Exercise brief:
With pictures omitted, restate the data word for word.

Dataset content:
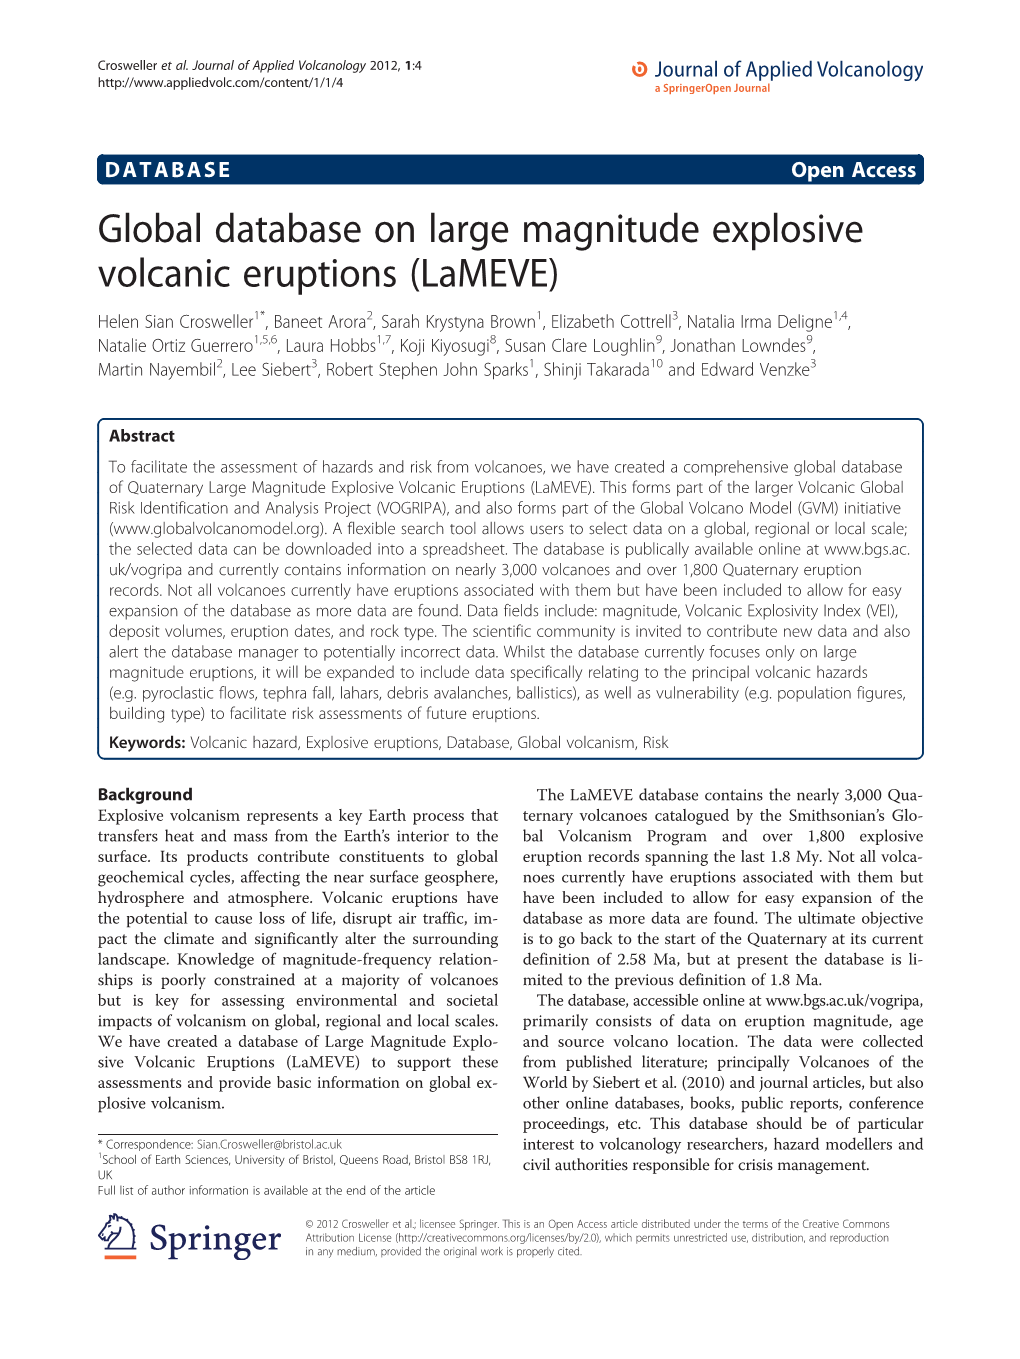 Global Database on Large Magnitude Explosive Volcanic Eruptions
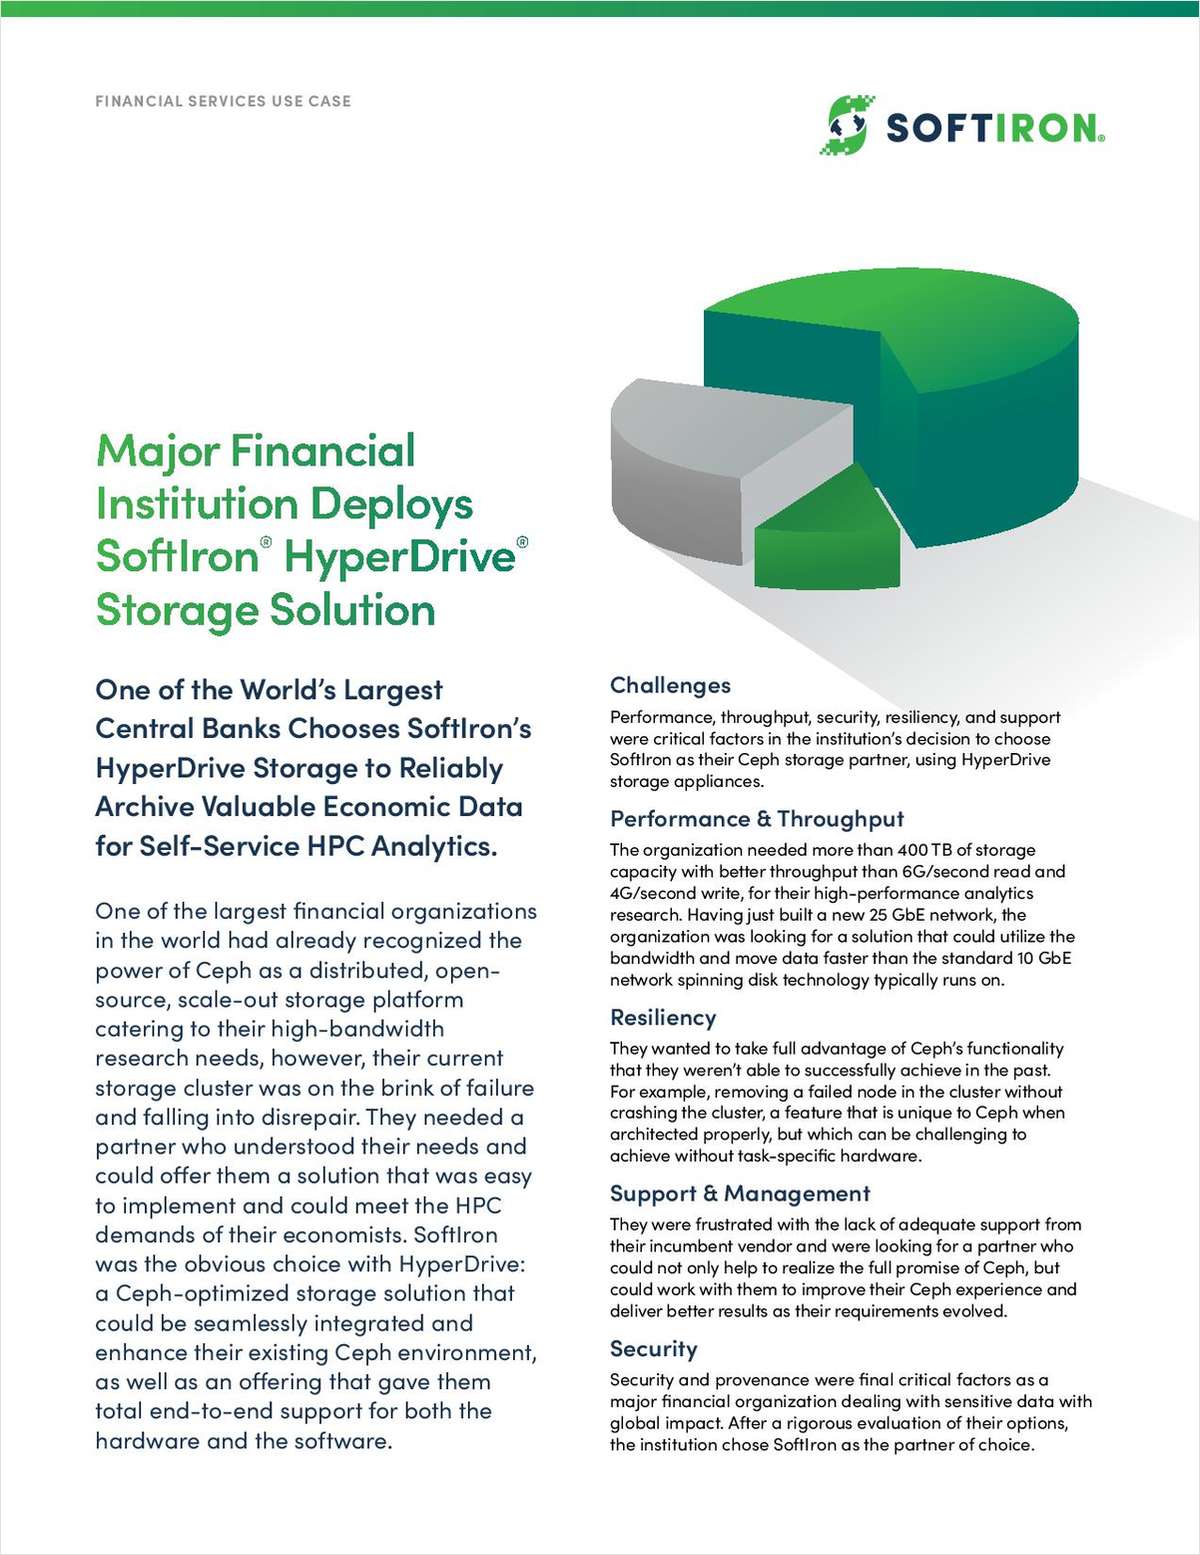 Major Financial Institution Deploys SoftIron HyperDrive Storage Solution
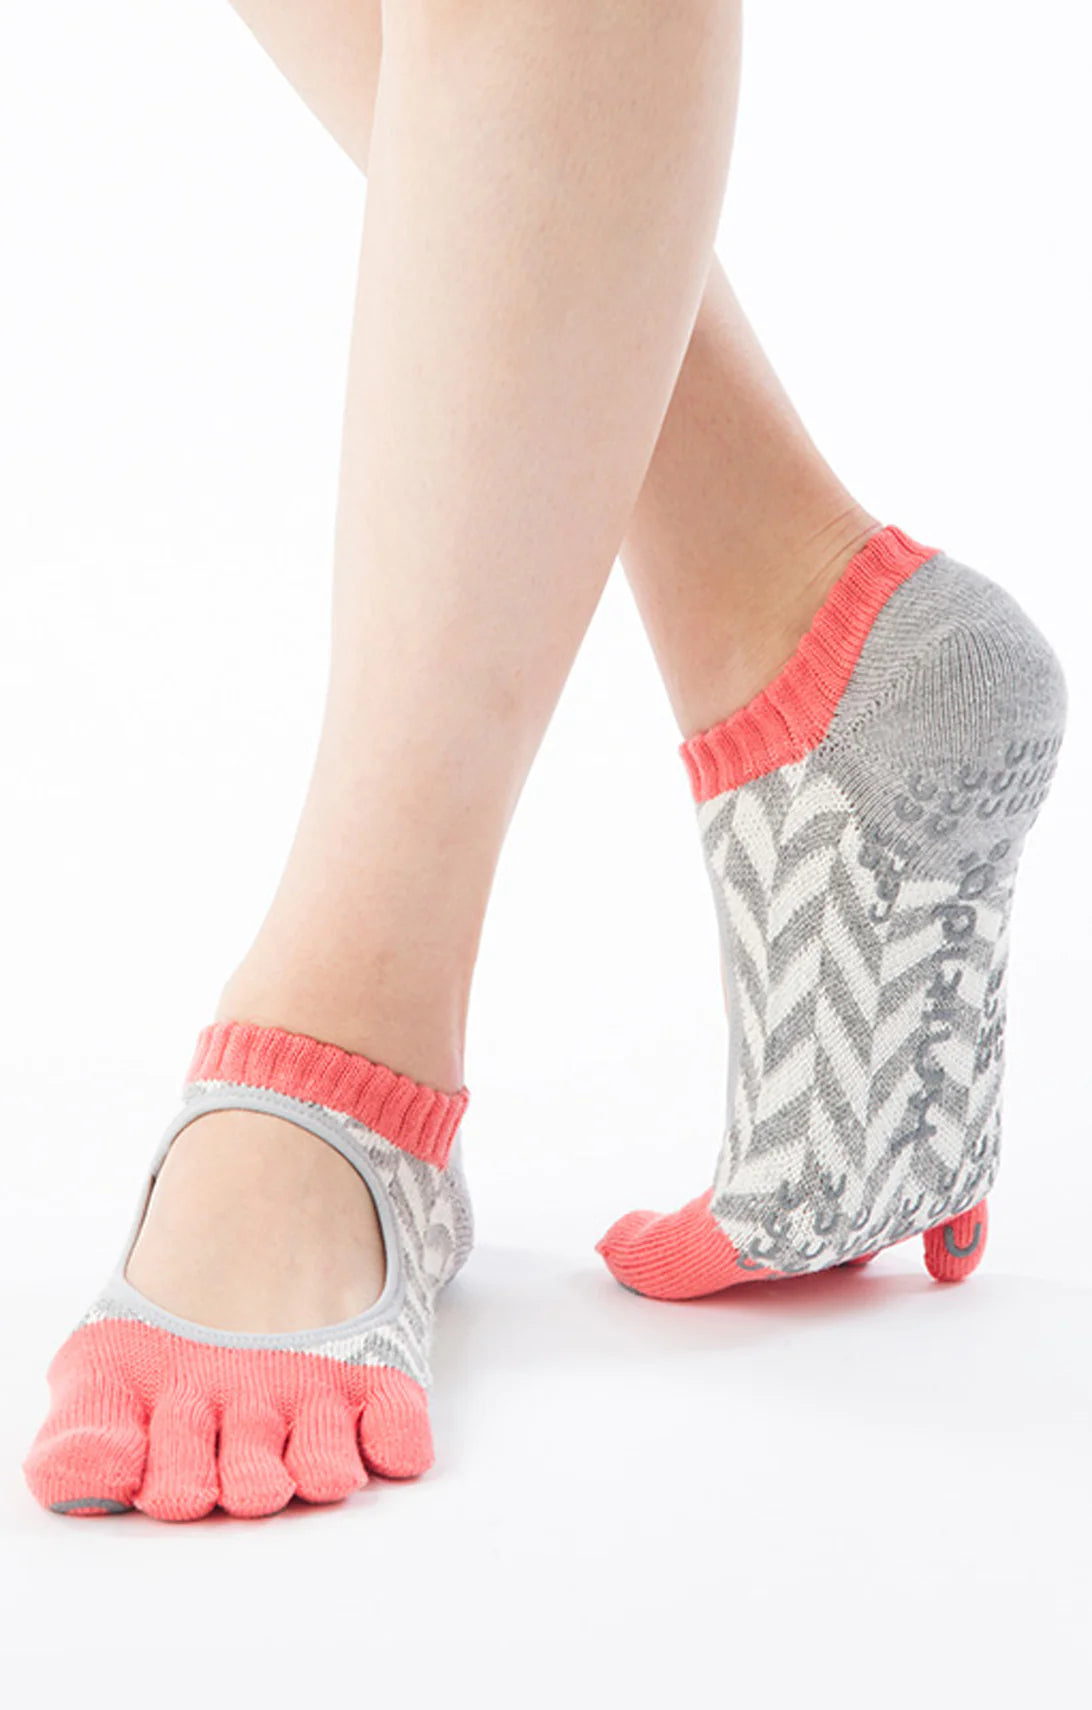 Knitido plus’s Organic Cotton Herringbone Liner Socks in CORAL color

Answer for the task:
 Global Database on Large Magnitude Explosive Volcanic Eruptions
 Major Financial Institution Deploys SoftIron HyperDrive Storage Solution
 Knitido plus’s Organic Cotton Herringbone Liner Socks in CORAL color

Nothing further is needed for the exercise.